'''

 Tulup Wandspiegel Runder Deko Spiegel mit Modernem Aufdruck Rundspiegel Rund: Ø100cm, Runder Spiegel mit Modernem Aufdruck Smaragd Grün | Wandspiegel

'''
'''

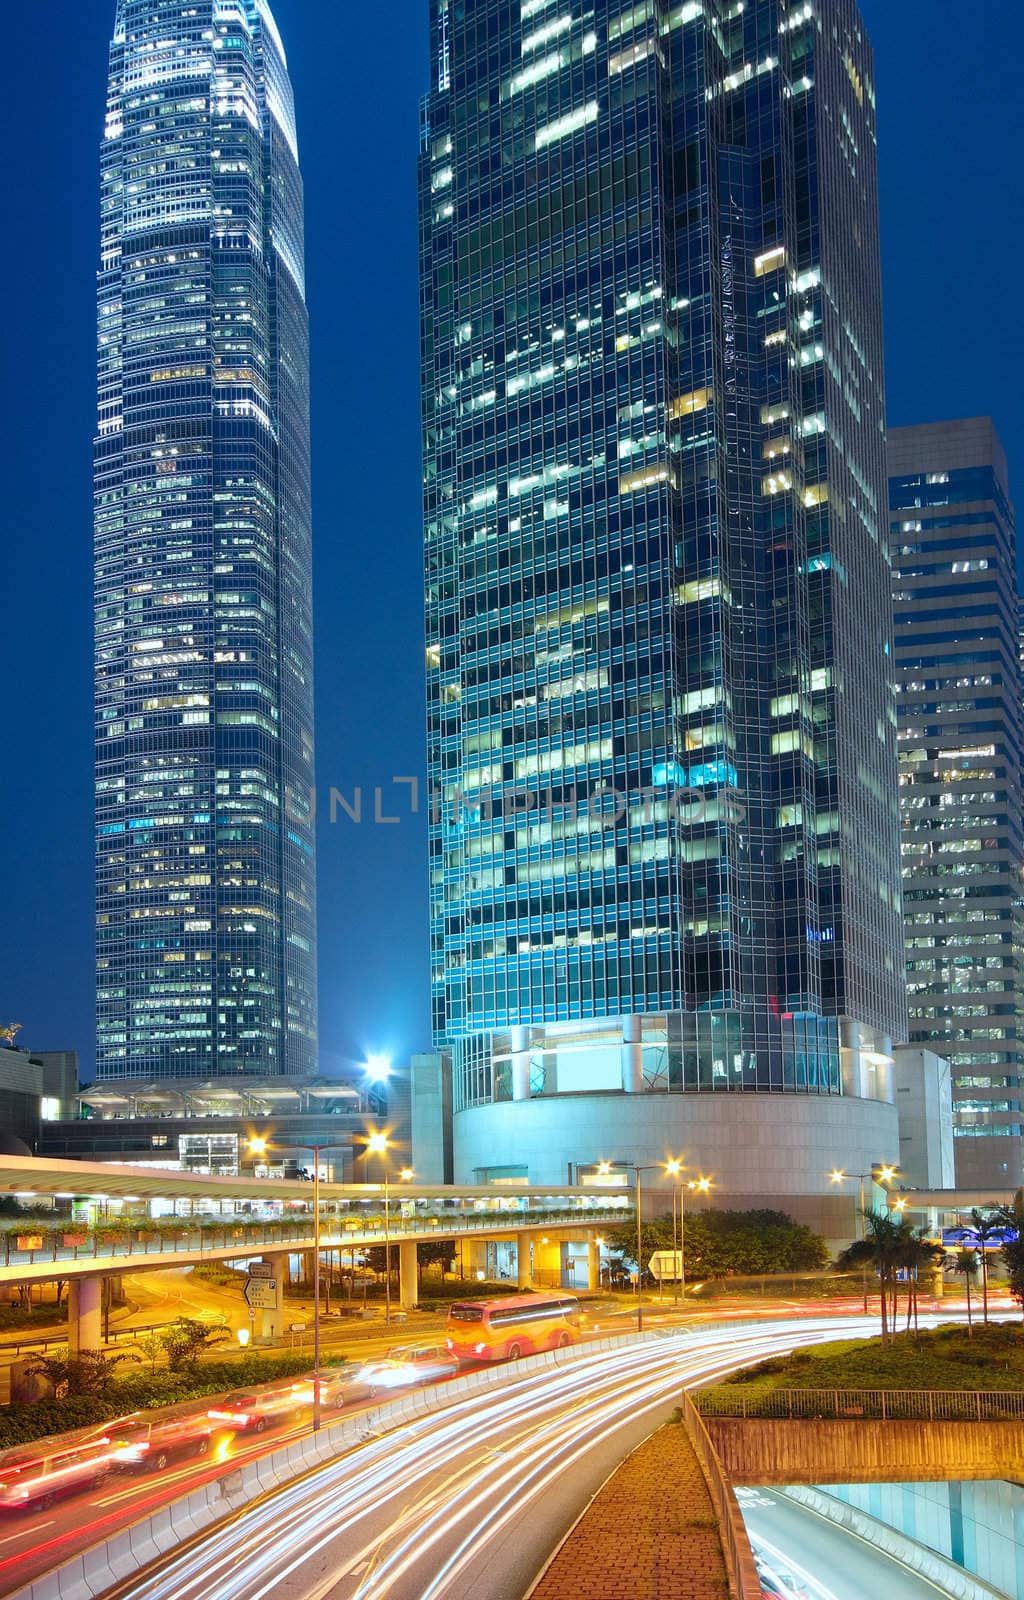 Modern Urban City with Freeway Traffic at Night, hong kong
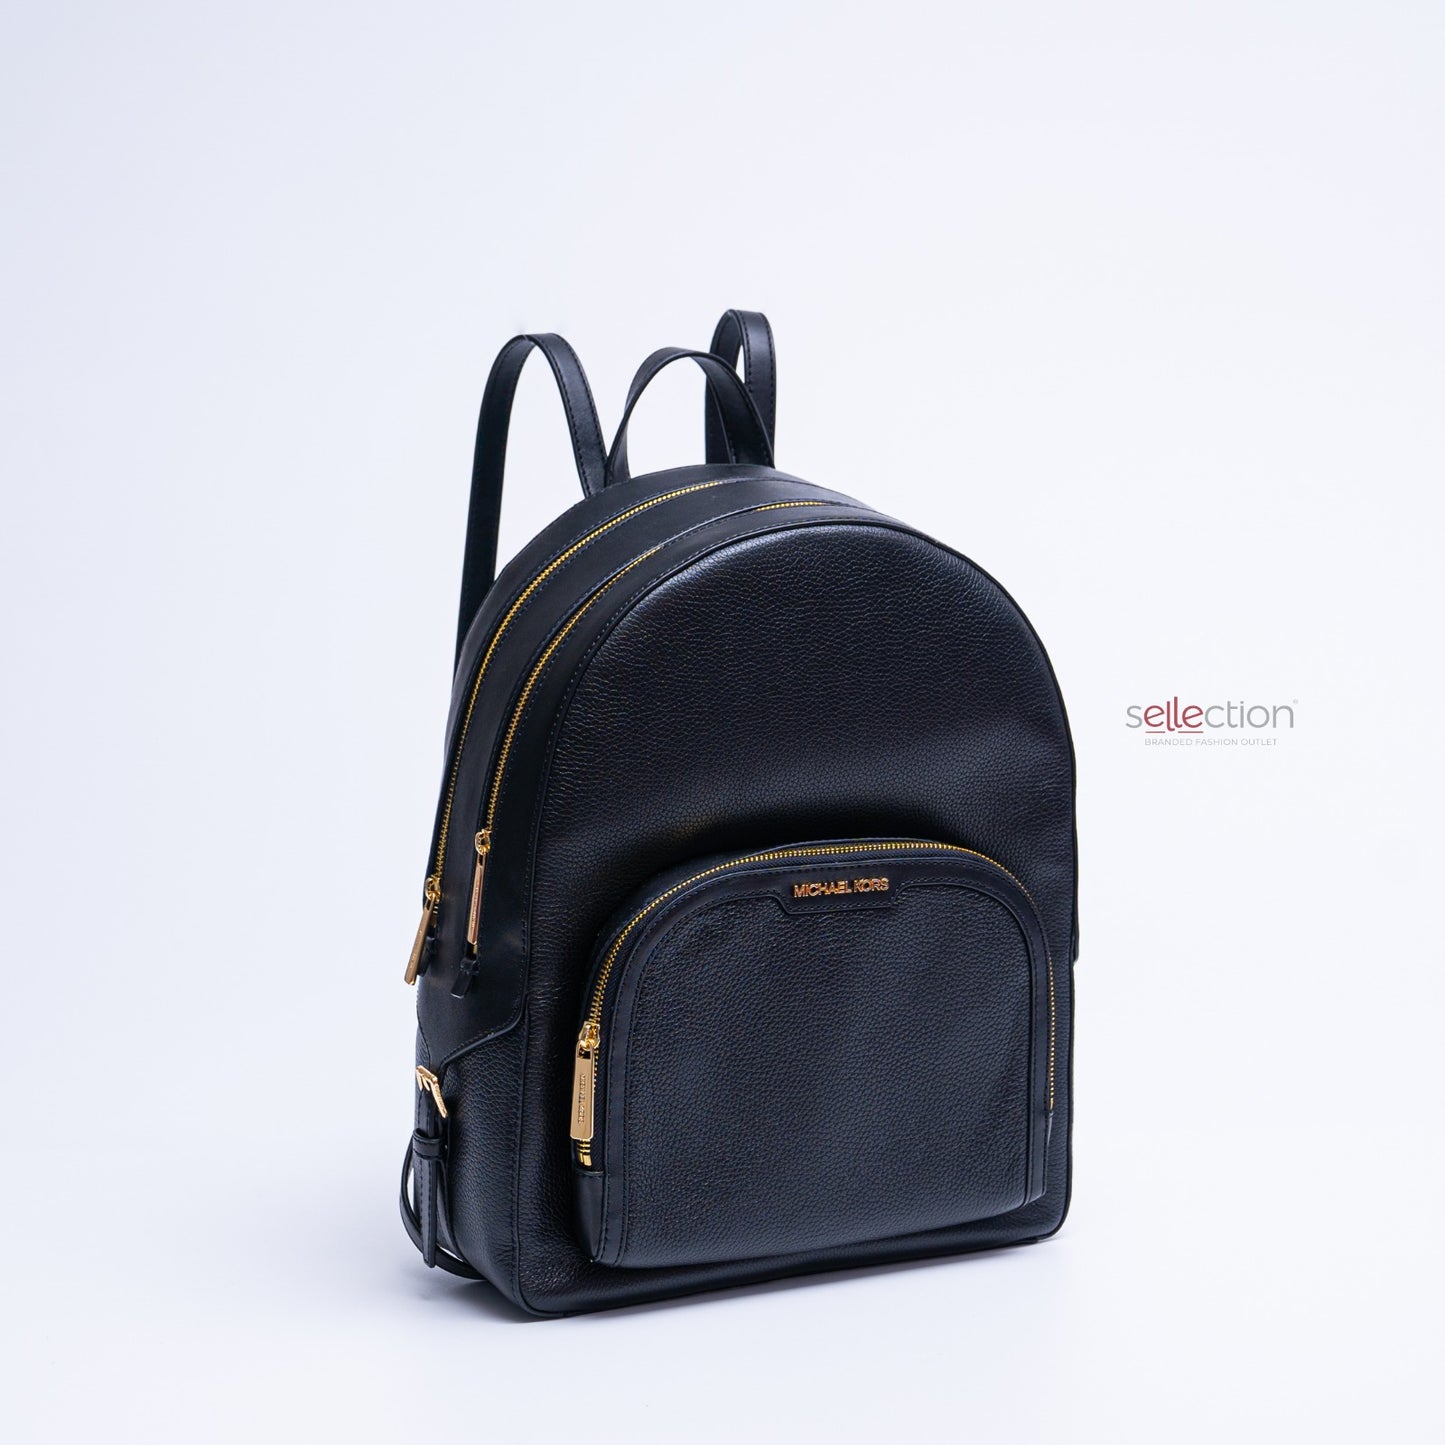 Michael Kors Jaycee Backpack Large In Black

'''

* _WHAT TO DO_
In the material above, which lines fall between the one holding "Modern Urban City" and the one holding "Michael Kors Jaycee Backpack Large In Black", inclusive? Print exactly those, with the pictures left out.

* _WORKED SOLUTION_
 Modern Urban City with Freeway Traffic at Night, hong kong
 Michael Kors Jaycee Backpack Large In Black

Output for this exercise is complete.